→ **Try it**:
Drop the pictures and restate the rest of the listing word for word.
Provided material below:
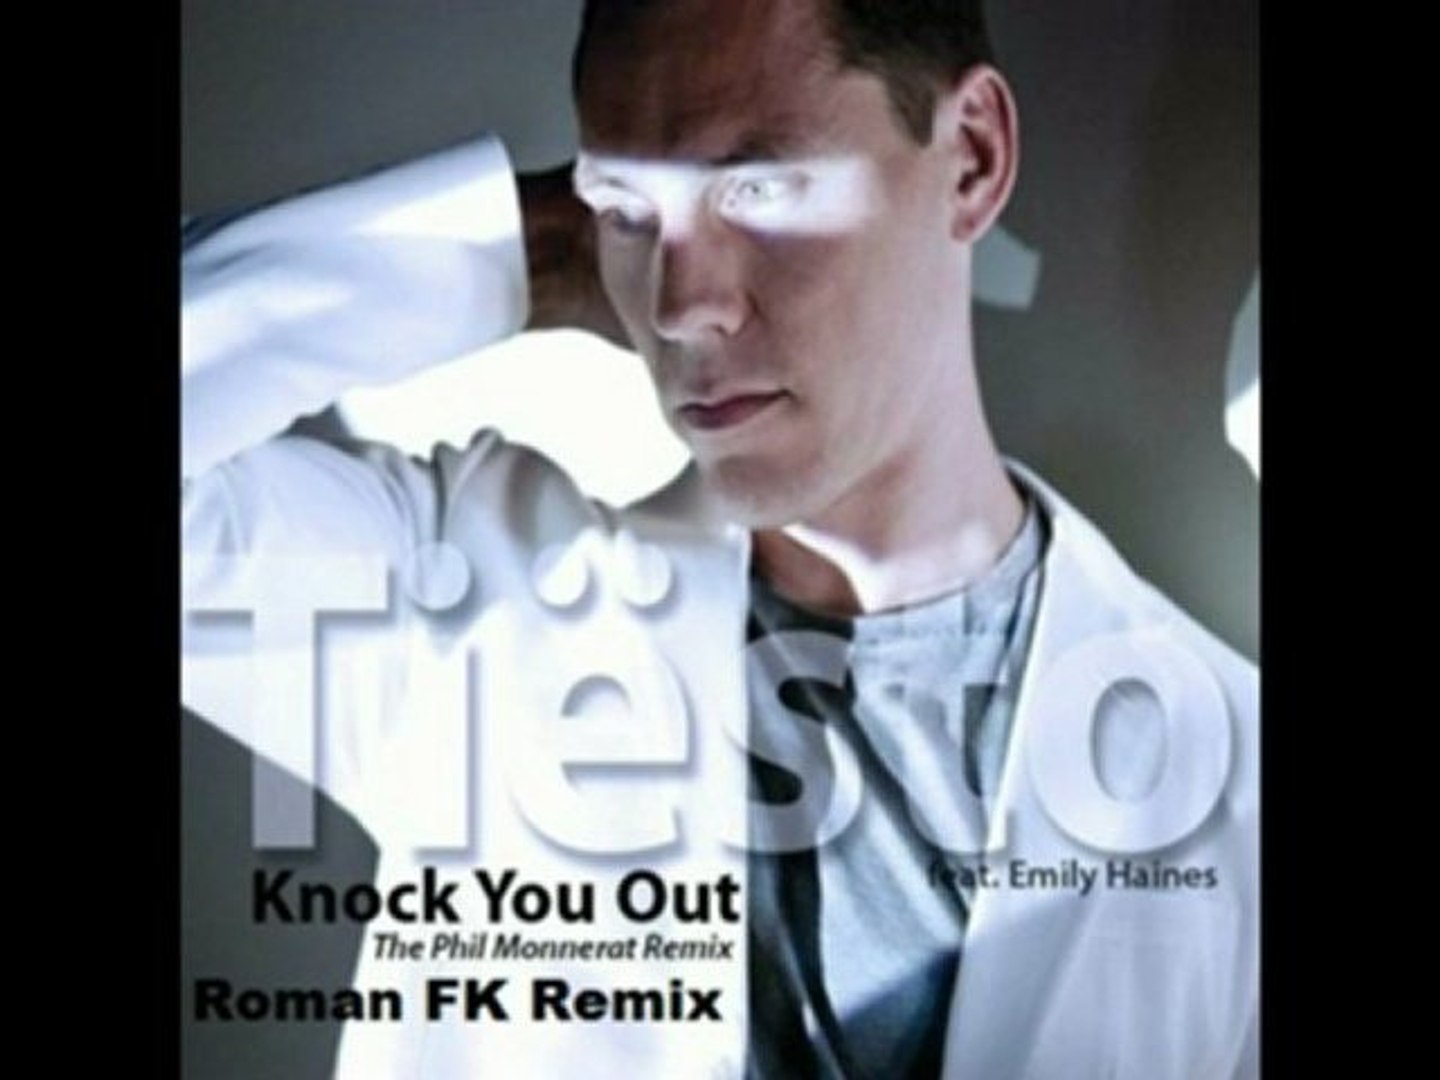 Tiesto - Knock You Out (Roman FK Remix) - Vidéo Dailymotion
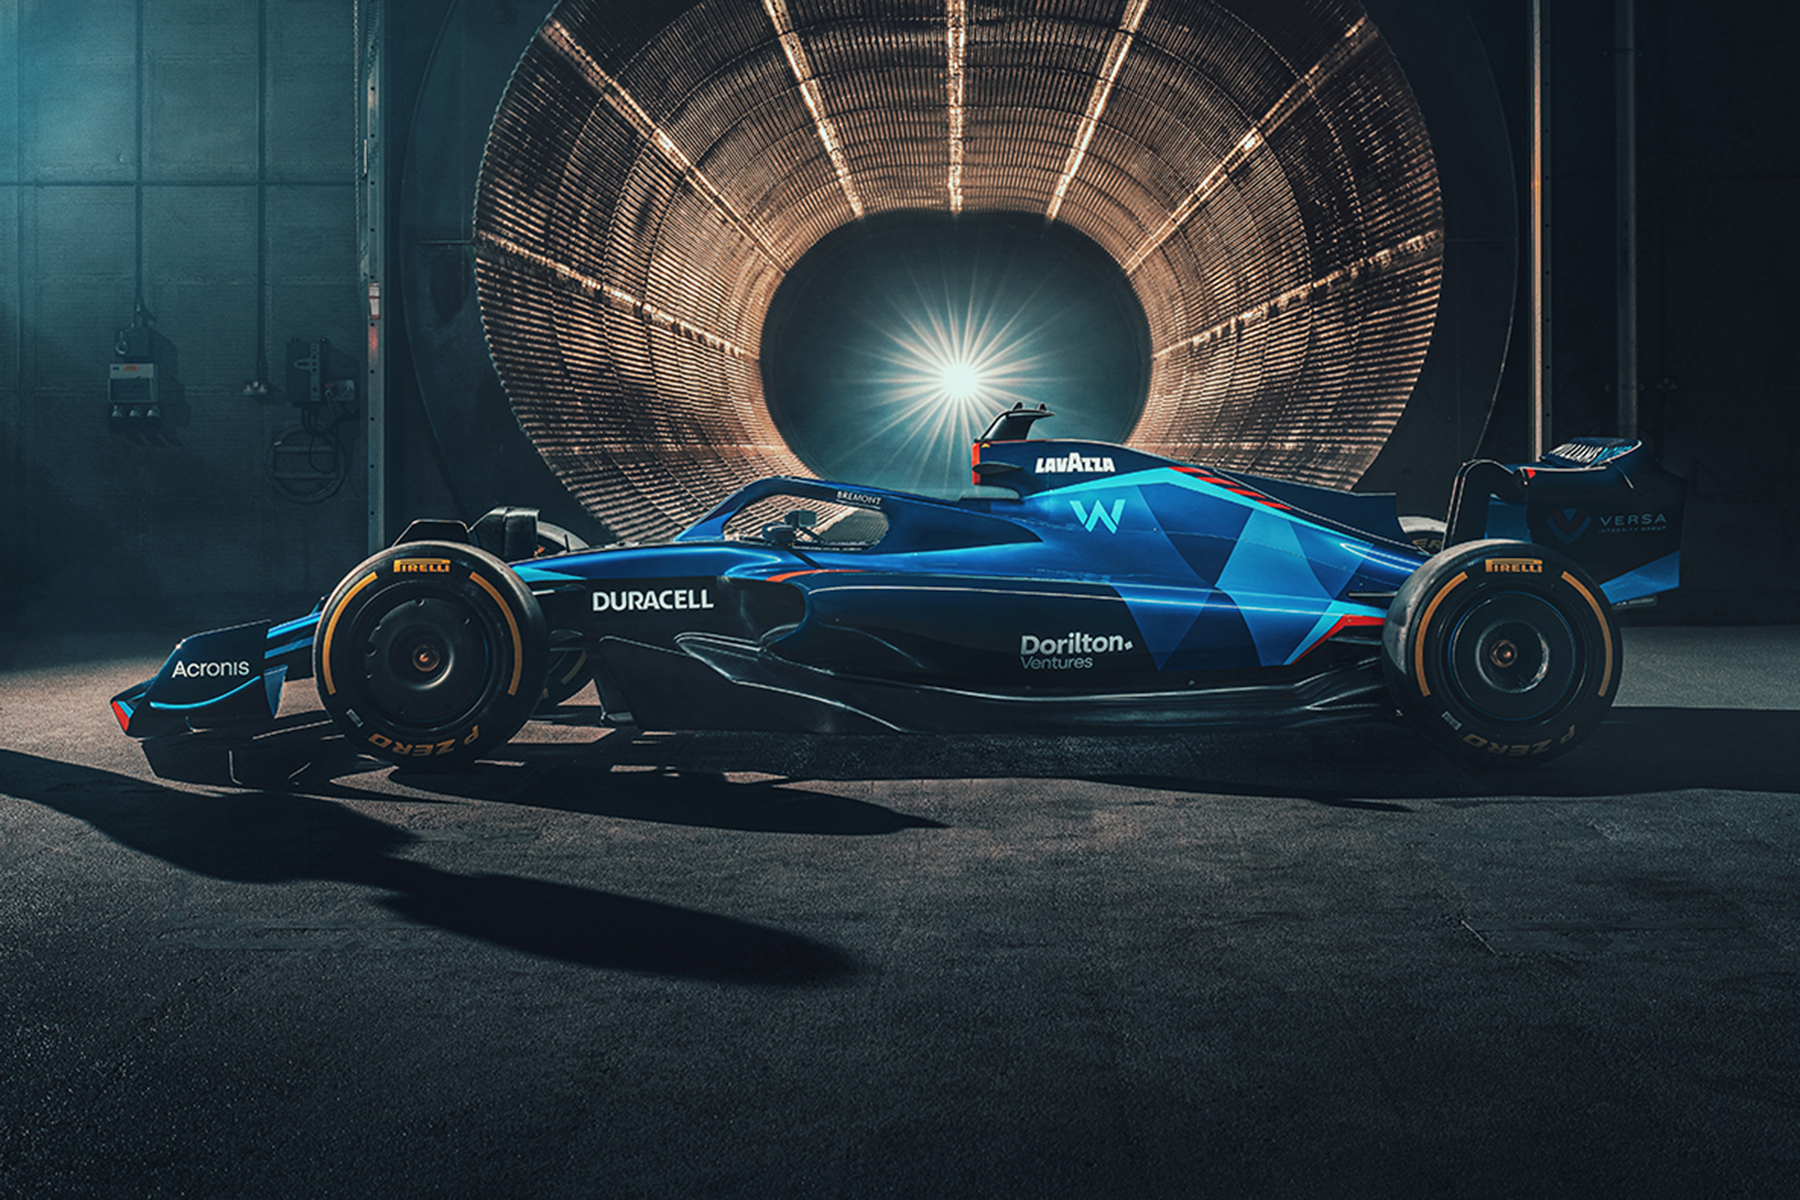 Formel 1 Williams Racing FW44 2022
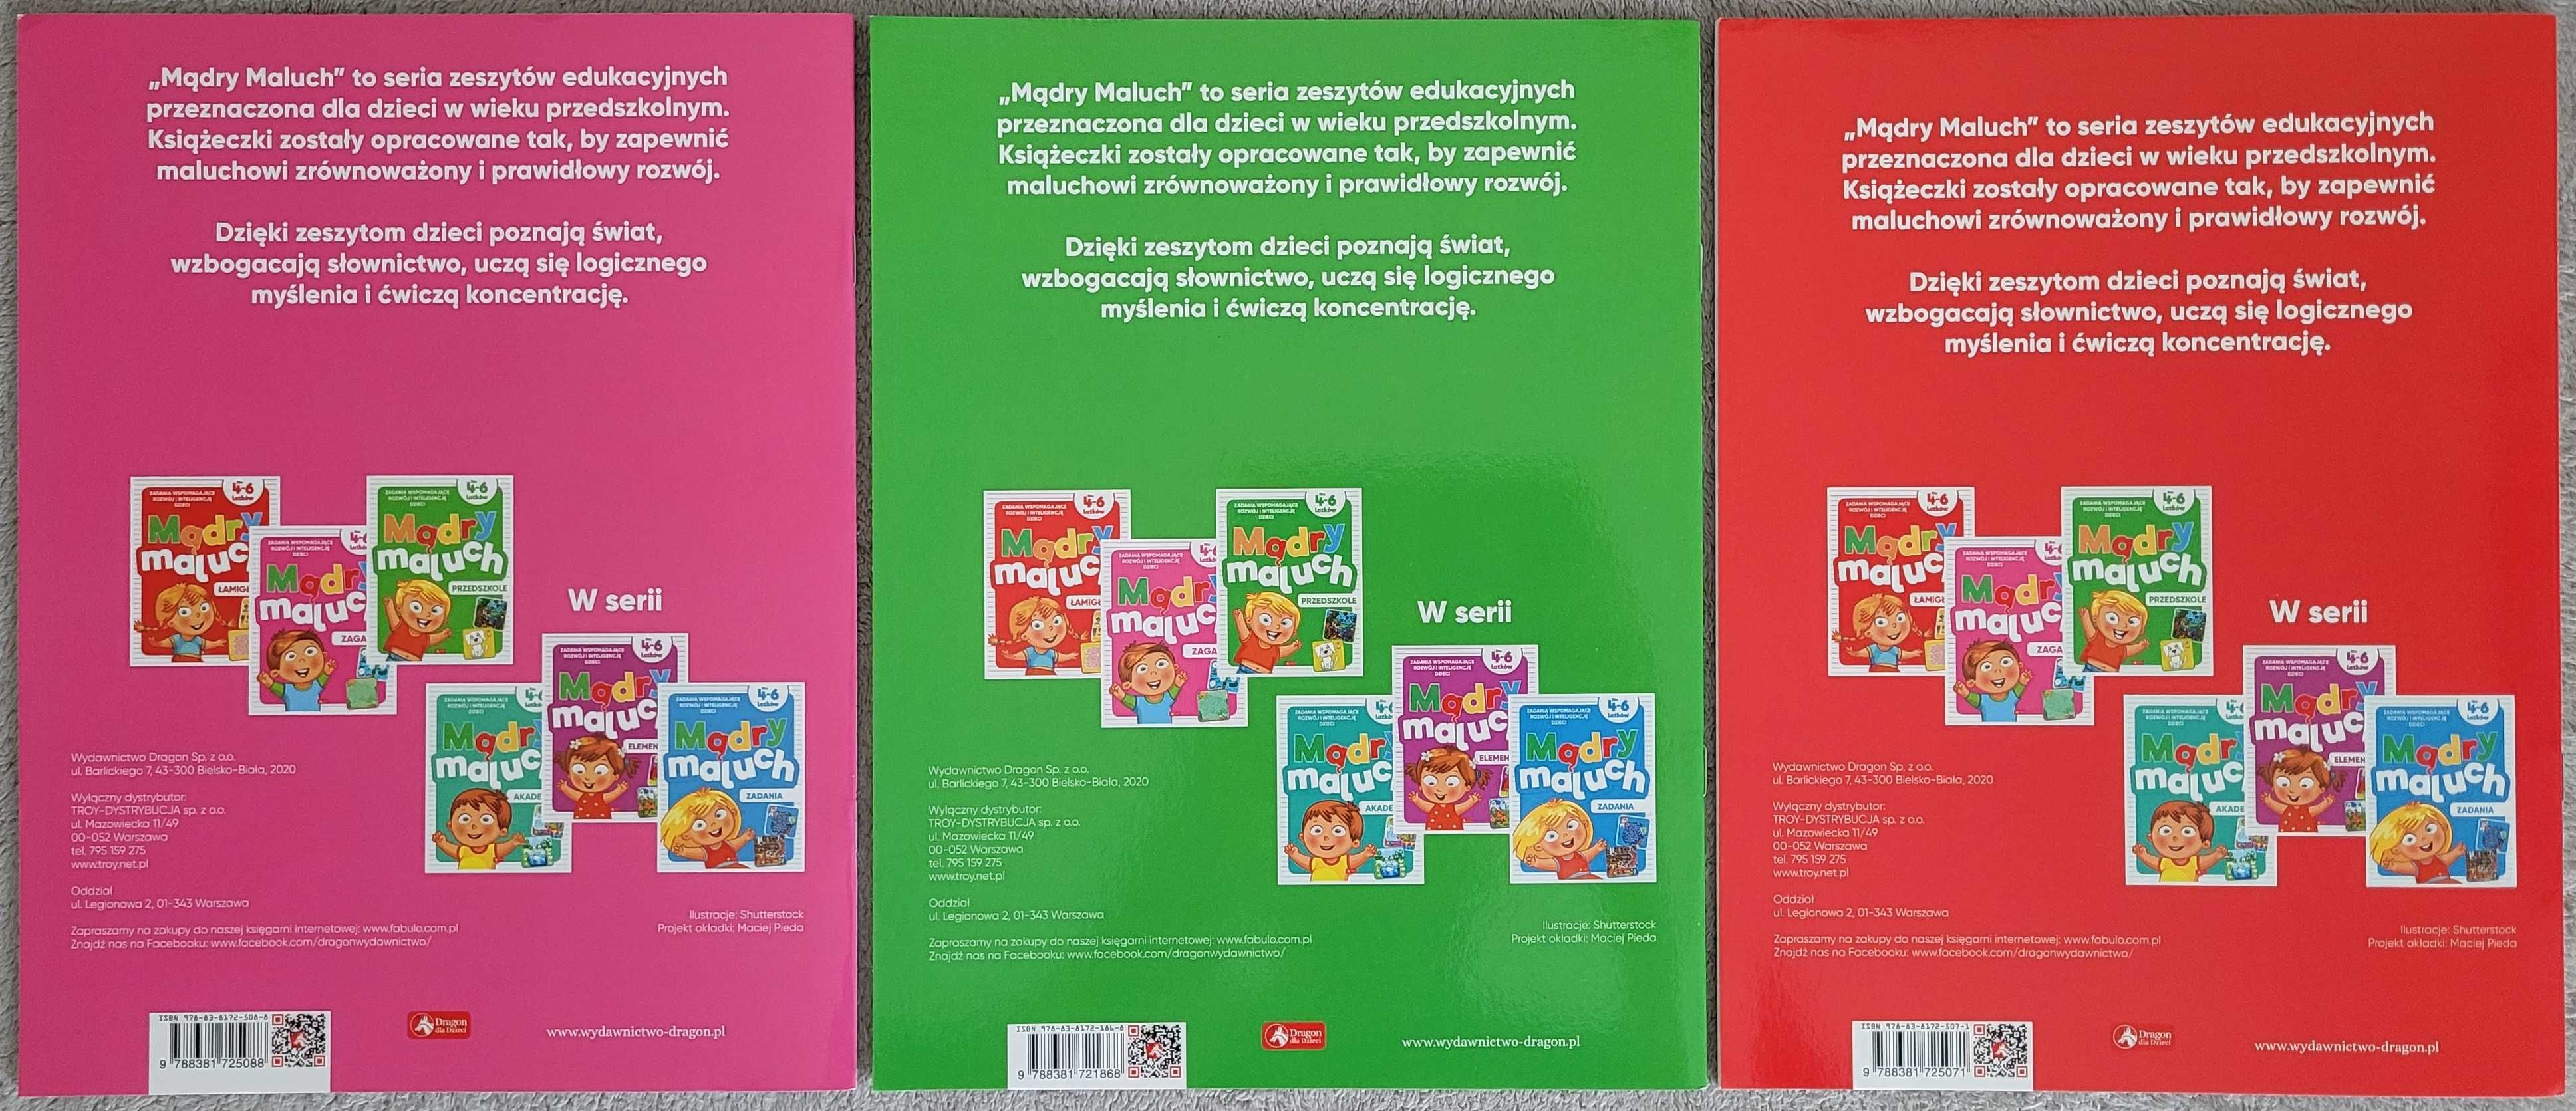 Książeczki dla dzieci Mądry maluch, 4-6 lat, 3 sztuki
End of Provided material.
→ **Reply to the task**:
 Tiesto - Knock You Out (Roman FK Remix) - Vidéo Dailymotion
 Formel 1 Williams Racing FW44 2022
 Książeczki dla dzieci Mądry maluch, 4-6 lat, 3 sztuki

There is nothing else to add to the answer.